Find the Determinant when $p$ and $q$ are roots of $x^2-2x+5=0$

Question

If $p$ and $q$ are roots of $x^2-2x+5=0$ Then find value of

$$\Delta=\begin{vmatrix} 1 & 1+p^2+q^2 & 1+p^3+q^3\\ 1+p^2+q^2& 1+p^4+q^4 & 1+p^5+q^5\\ 1+p^3+q^3 & 1+p^5+q^5 & 1+p^6+q^6 \end{vmatrix}$$

My try: I tried to express the determinant as product of two determinants but in vain.

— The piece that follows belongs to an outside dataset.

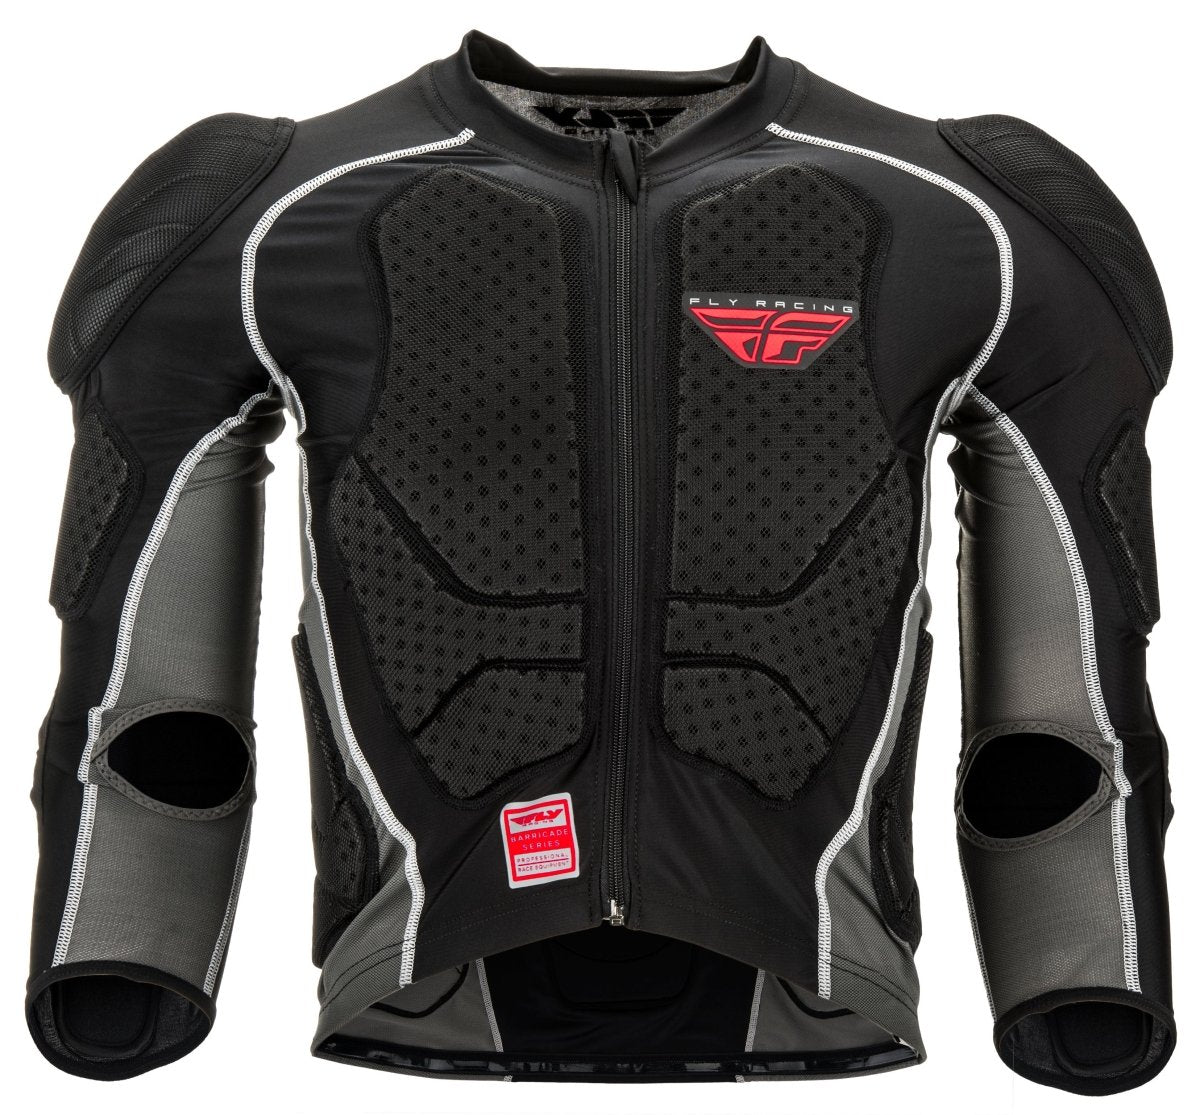 FLY RACING - BARRICADE LONG SLEEVE SUIT - 360-9740L - 191361083457

Secondly i tried taking $$p=\sqrt{5}\frac{1+2i}{\sqrt{5}}=\sqrt{5}(\cos t+i\sin t)$$ and $q$ its conjugate, but still its lengthy

Answer 1

Use Viète's formulas: $$p+q=2\qquad pq=5$$ $$p^2+q^2=(p+q)^2-2pq=-6$$ $$p^3+q^3=(p+q)(p^2+q^2-pq)=-22$$ $$p^4+q^4=(p^2+q^2)^2-2(pq)^2=-14$$ $$p^5+q^5=(p+q)(p^4+q^4)-pq(p^3+q^3)=82$$ $$p^6+q^6=(p^3+q^3)^2-2(pq)^3=234$$ from which we may easily work out the determinant as $$\begin{vmatrix} 1 & 1-6 & 1-22\\ 1-6& 1-14 & 1+82\\ 1-22 & 1+82 & 1+234\end{vmatrix}=7344$$

Answer 2

HINT:

Note that by Vieta's formulas, $p+q=2$ and $pq=5$ so $$1+p+q=3$$ and $$1+p^2+q^2=1+2p-5+2q-5=2(p+q)-9=-5$$ giving $$1+p^3+q^3=(1+p+q)(1+p^2+q^2)-(p^2+q^2+p+q+pq(p+q))$$ and since $x^2=2x-5$, $$1+p^3+q^3=3(-5)-(2p-5+2q-5+2+5(2))$$ or $$1+p^3+q^3=-15-(2(p+q)+2)=-15-(6)=-21$$ and so on.